Rivalry in business, as for customers or markets
It may be hard to believe, but competition is good for you. It drives innovation, inspires perseverance and builds team spirit. And that's not all. Many times, the presence of competition increases the market for everyone. For instance, when a Wal-Mart goes up on the edge of a small town, not all local businesses get hurt. Nearby restaurants, gas stations, jewelers and personal service providers such as hair salons benefit from added traffic and, often, higher sales than before.
Of course, competition isn't all good. While using the presence of threatening rivals to focus and motivate employees, you also have to make sure your competitors aren't going to steal your customers. Meanwhile, you'll be doing everything you can to grab sales from your rivals. Step one in both of these processes is to identify and know your competitors.
And not all businesses are your competitors. If you own a bookstore, for instance, you don't have to worry about the coffee bar next door siphoning off your sales. Quite the reverse, in fact, as book buyers may be lured by the scent of java, and coffee lovers may wander over for some reading material to peruse as they sip. Many other businesses are essentially irrelevant to your business. If your motorcycle dealership sits adjacent to a day-care center, the odds aren't good that many of the day-care clientele--parents or children--will turn out to be hot prospects for a bike.
Determining exactly who is your competition is pretty easy. Companies that offer the same or similar products as you do may be competitors. If their geographical market areas overlaps with yours and their price points also resemble yours, it's almost a certainty they're competitors. But you may also be in competition with companies that offer products that are substitutes for yours. Look at companies that sell accessories to your products--they may want to begin offering a complete solution. In general, it's safe to say that anyone who sells anything that's related to your offerings, either as an accessory or a replacement, is an actual or potential competitor.
You can develop your own competitive monitoring system by tracking the flow of information about your business and your market. The key question is "How do you make your money, and what other profit opportunities exist in your field?"

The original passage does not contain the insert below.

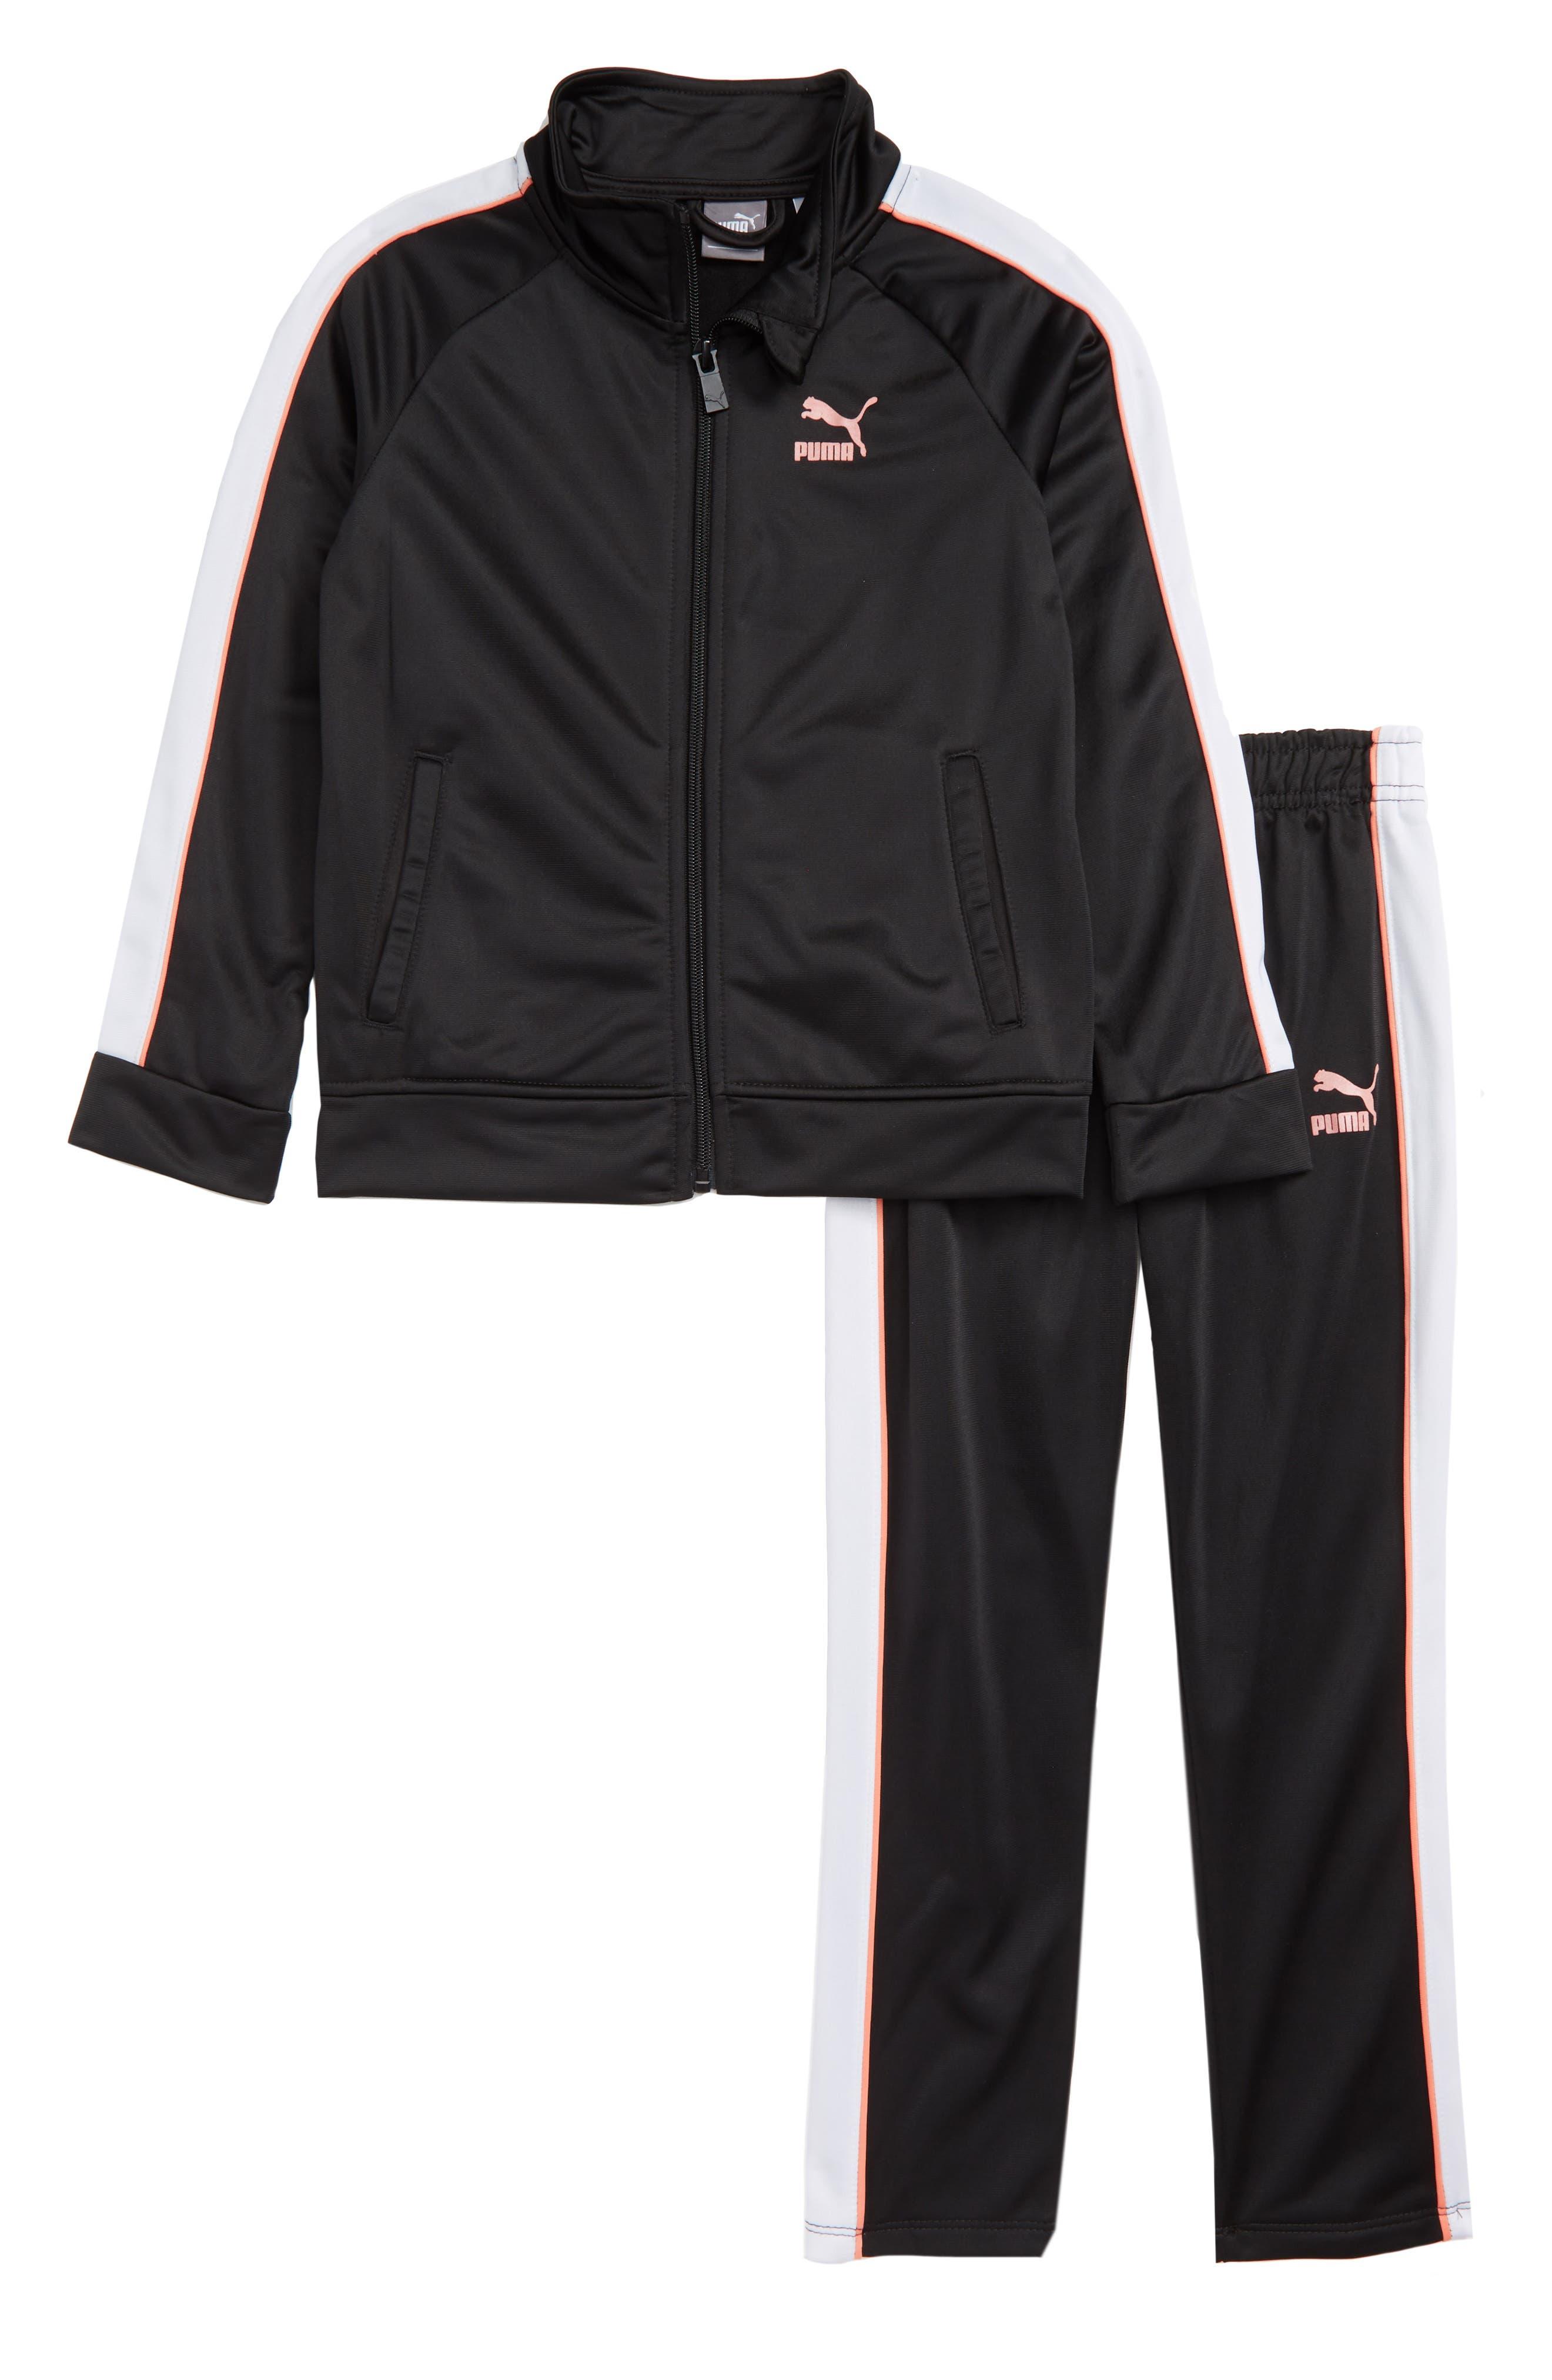 Track Jacket and Pant Set,                             Main thumbnail 1, color,                             PUMA BLACK

Tracking information is largely a matter of networking. Talk to vendors, customers, consultants and others who do business with companies in and around your field to find out whether and when new competitors are likely to pop up.

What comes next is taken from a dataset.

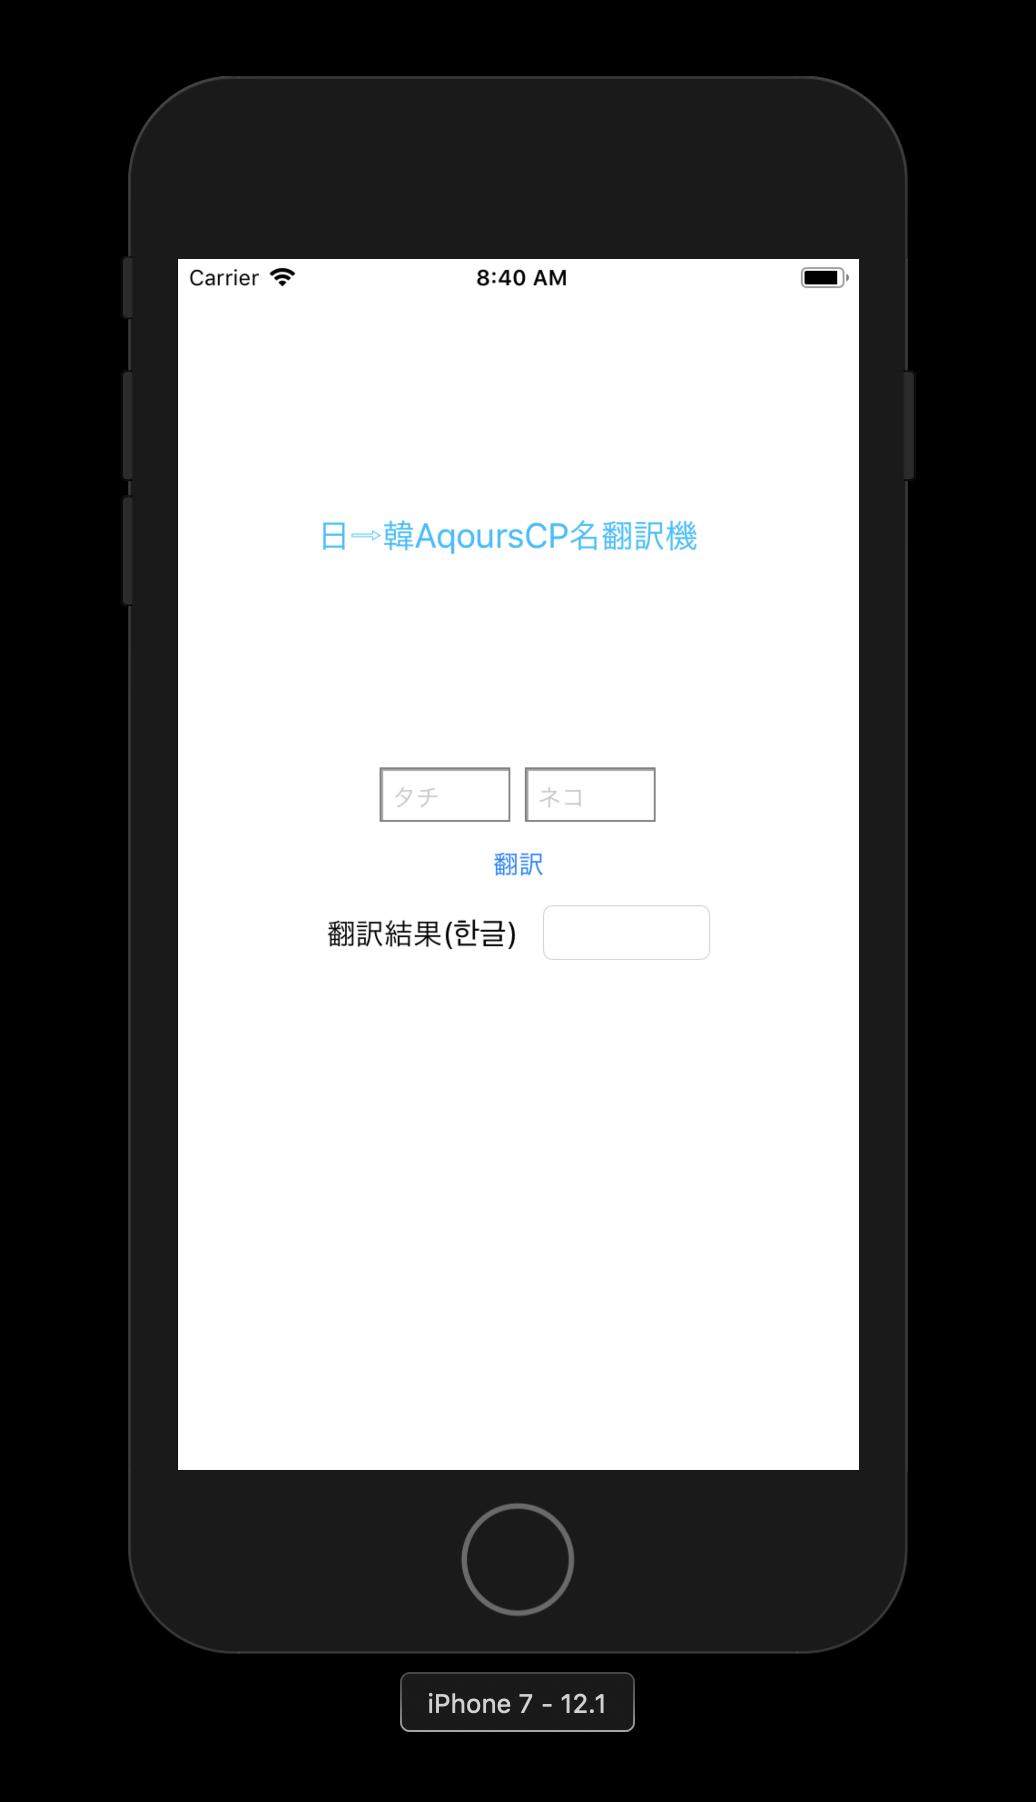 スクリーンショット 2019-02-08 8.40.10.png

Also look in related product markets. These are the markets whose participants are most likely to understand your customers' needs. Companies whose products complement each other in this way are more likely to become competitors than firms in unrelated industries.
In addition, scan the value chain for your product or service. Companies that occupy spots on your value chain often understand your business and customers well enough to become rivals.
You should also suspect firms with related competencies. Carefully scrutinize companies that have mastered technology similar to yours, even if they appear to operate in distant sectors. Competencies can also concern nontechnological skills such as management of retail outlets, new product development or even customer service.